Pictures excluded, reproduce exactly the lines below from the one with "İmerShoes Günlük Kadın" through the one with "2019 Mazda CX-3 Limited 2.0P/6At", both included.
[Opening Exercise data section]
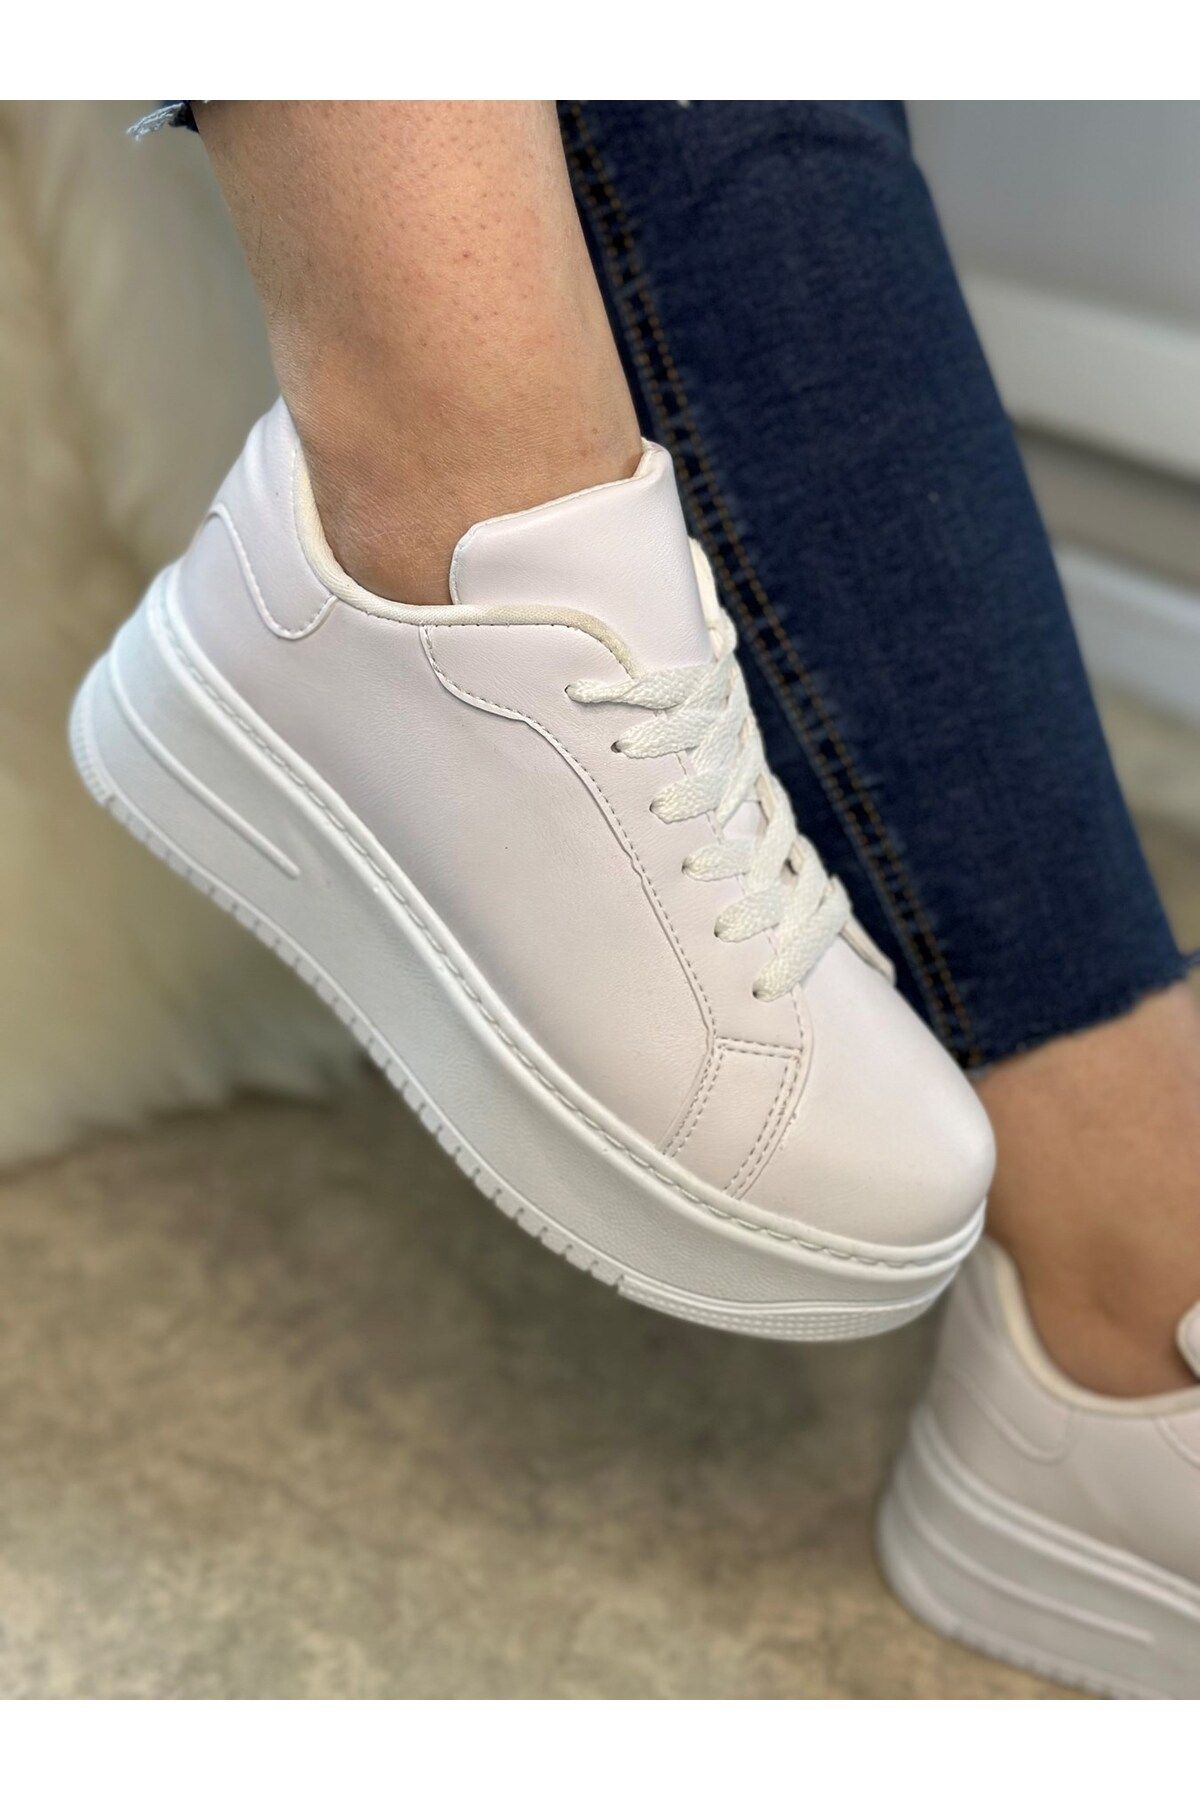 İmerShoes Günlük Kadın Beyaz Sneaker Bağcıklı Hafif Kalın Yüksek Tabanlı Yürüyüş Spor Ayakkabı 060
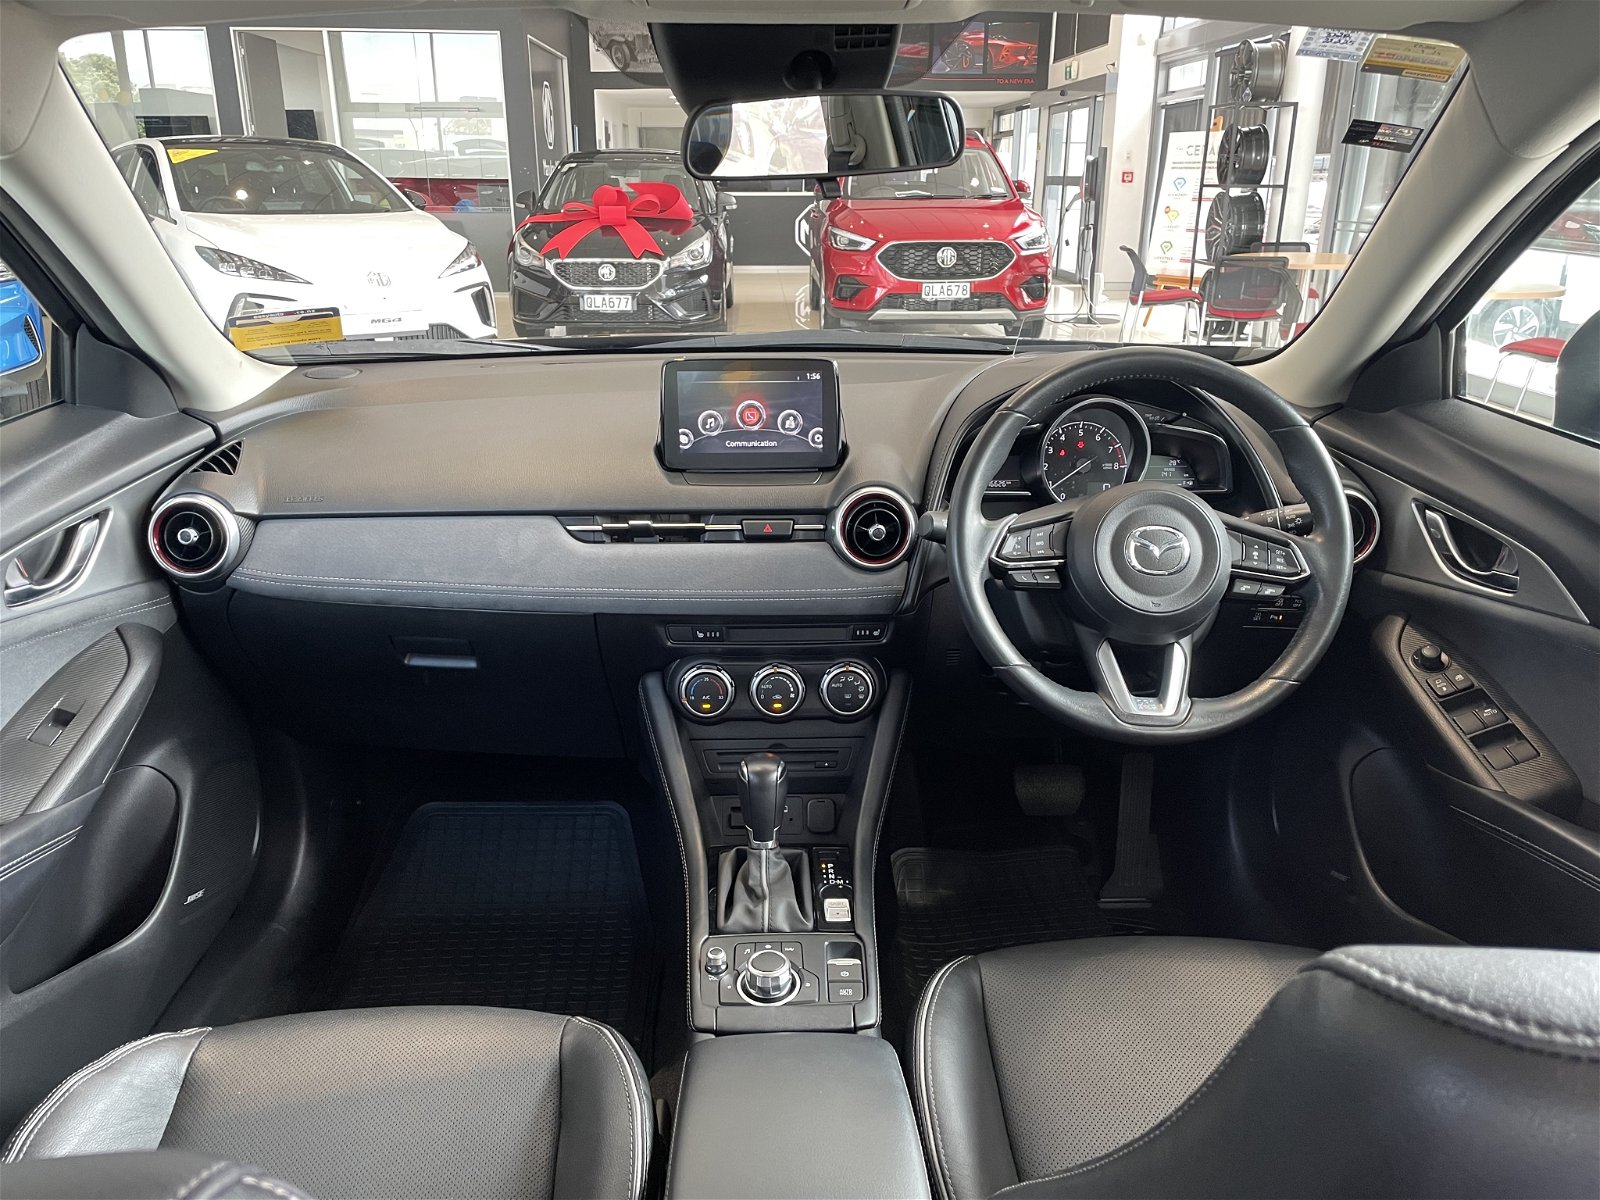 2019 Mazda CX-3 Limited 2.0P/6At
[Closing Exercise data section]
[Opening Exercise data section]
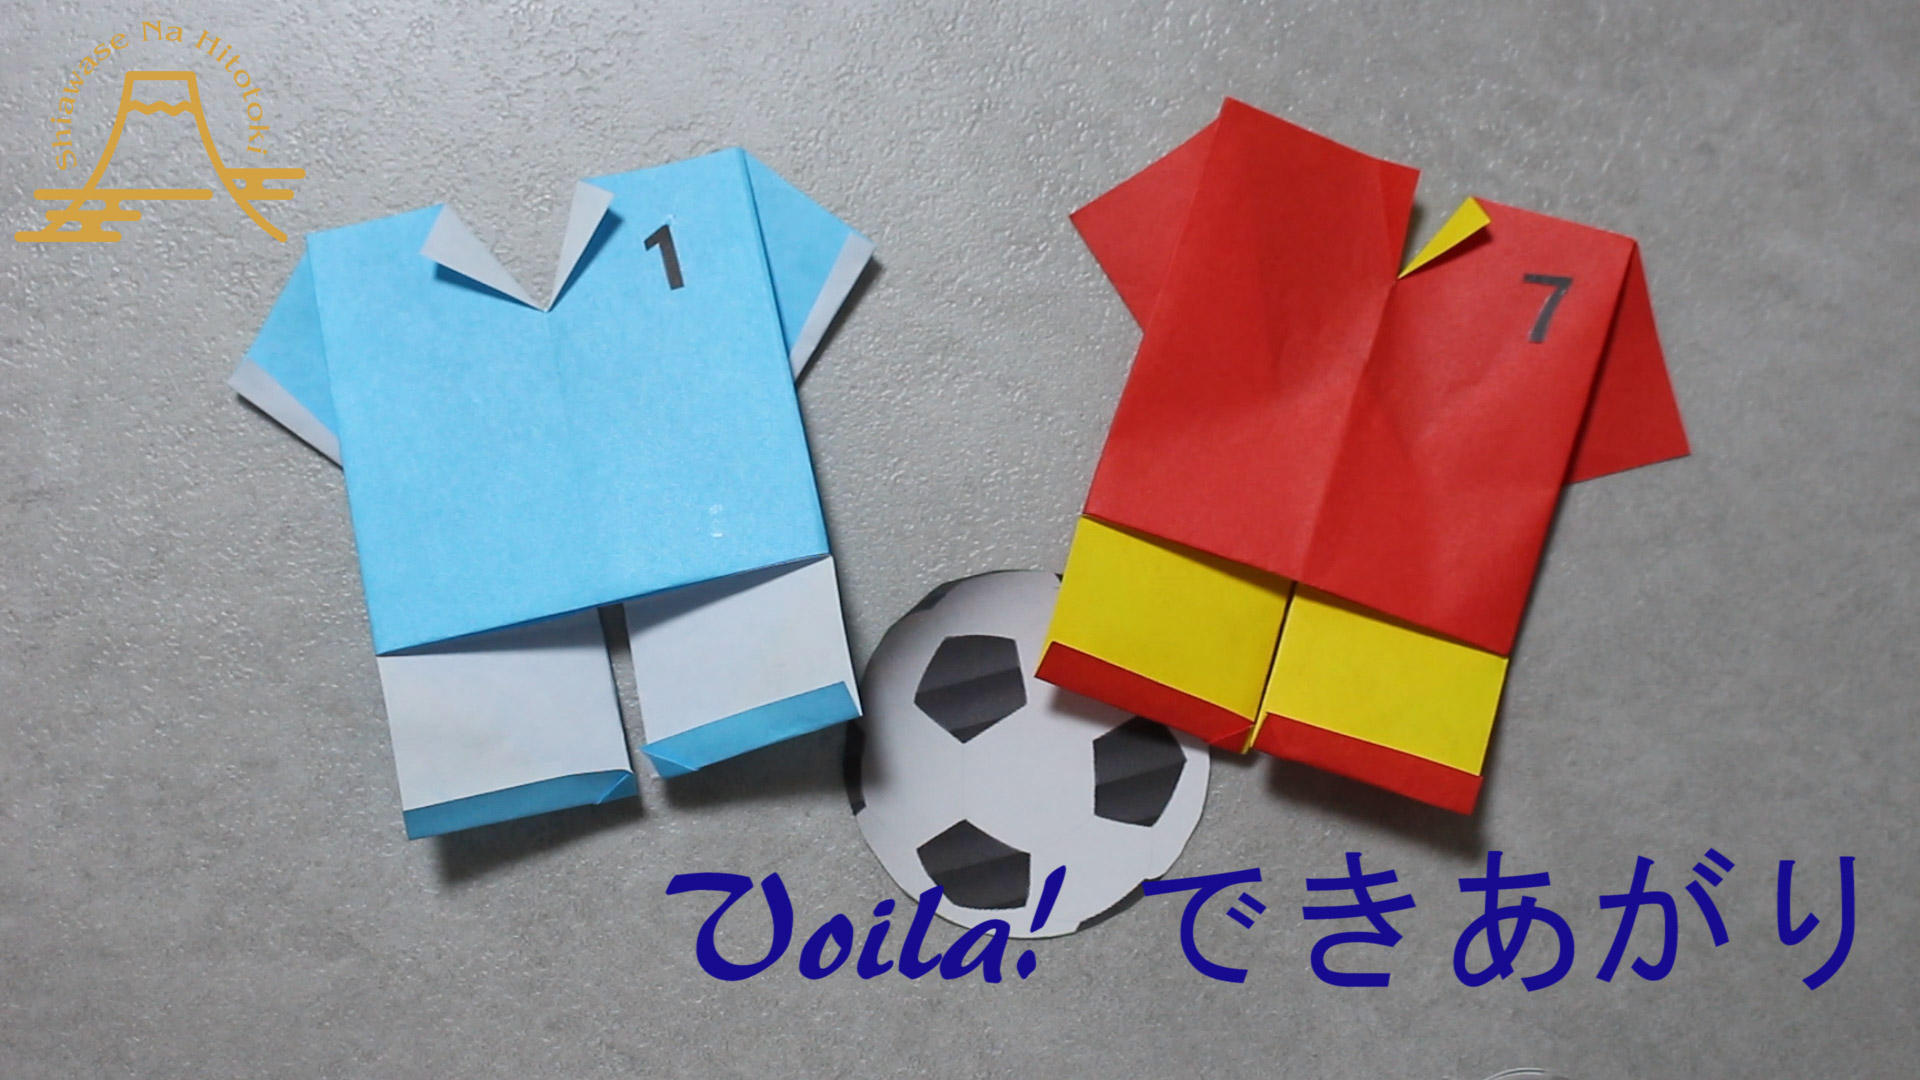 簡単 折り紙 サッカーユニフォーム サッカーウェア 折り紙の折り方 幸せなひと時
[Closing Exercise data section]
[Opening Exercise data section]
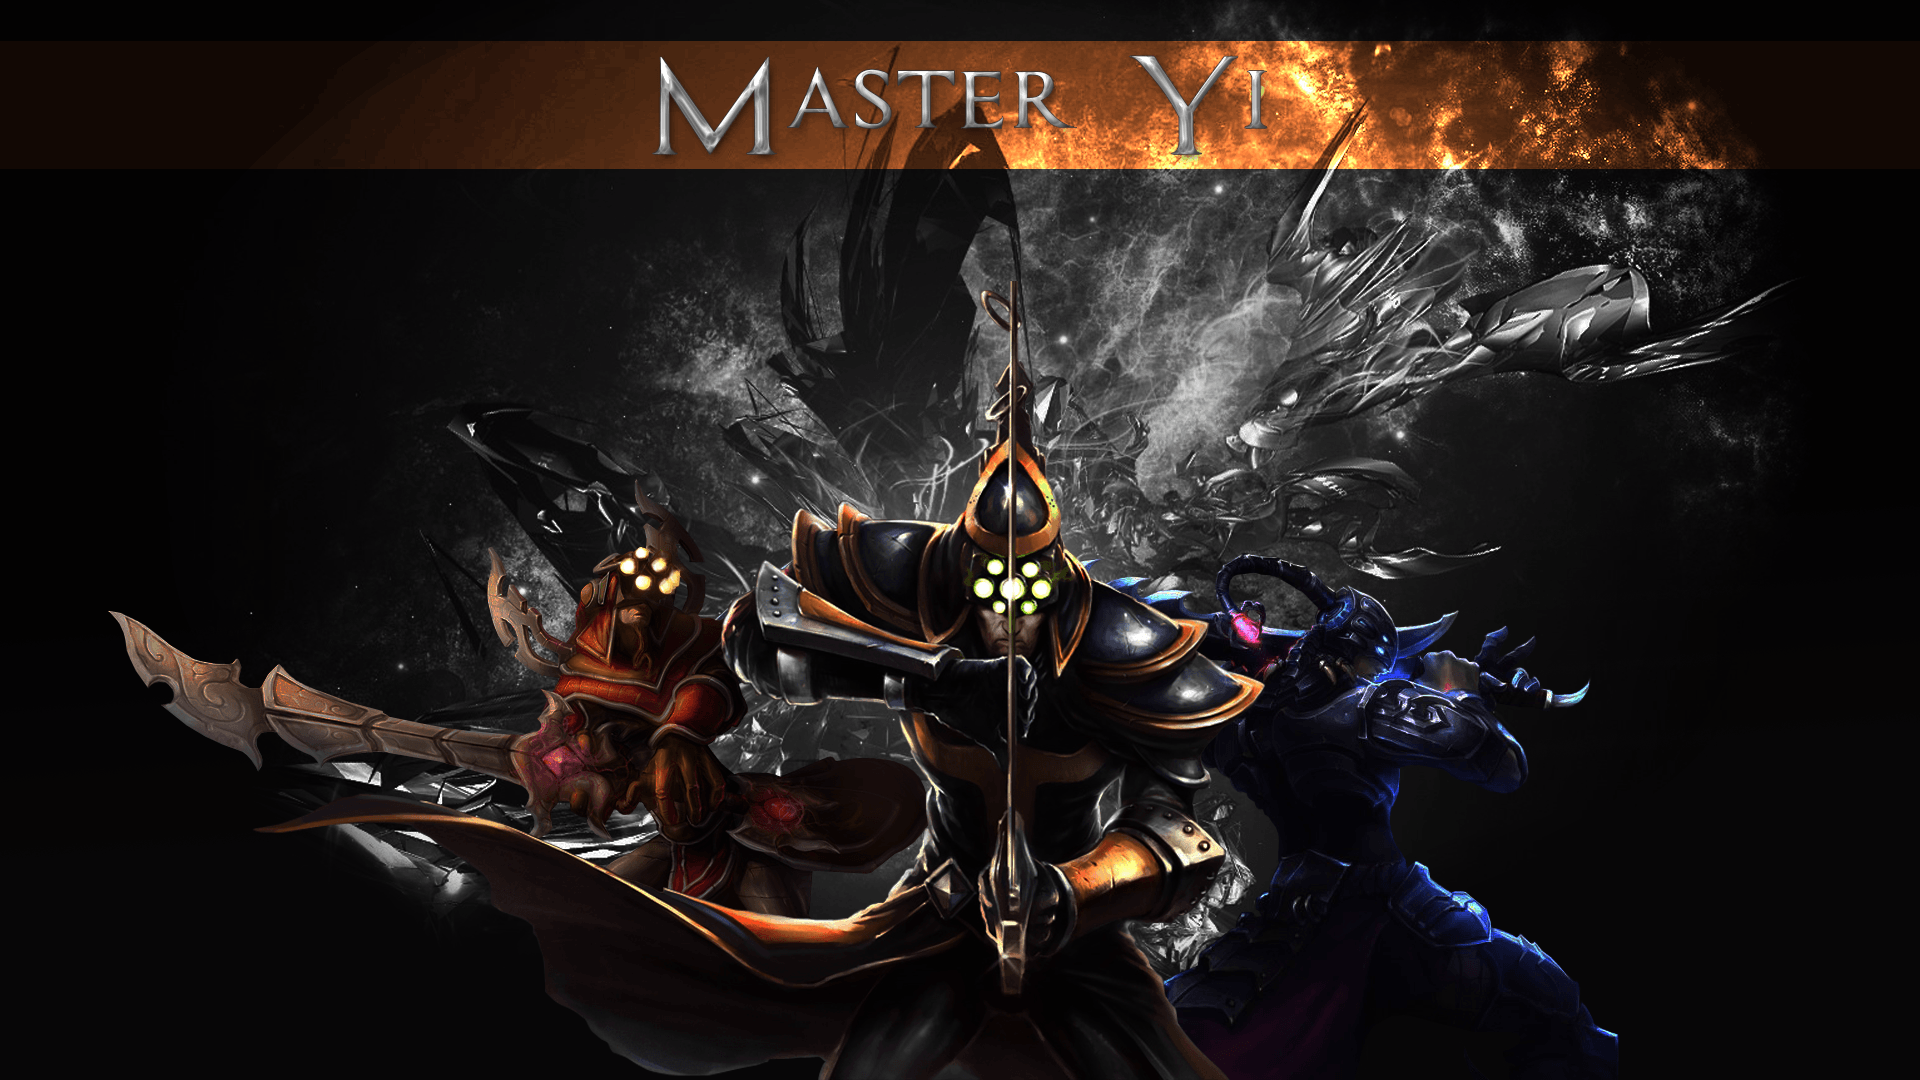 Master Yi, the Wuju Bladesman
[Closing Exercise data section]
[Task solution]
 İmerShoes Günlük Kadın Beyaz Sneaker Bağcıklı Hafif Kalın Yüksek Tabanlı Yürüyüş Spor Ayakkabı 060
 2019 Mazda CX-3 Limited 2.0P/6At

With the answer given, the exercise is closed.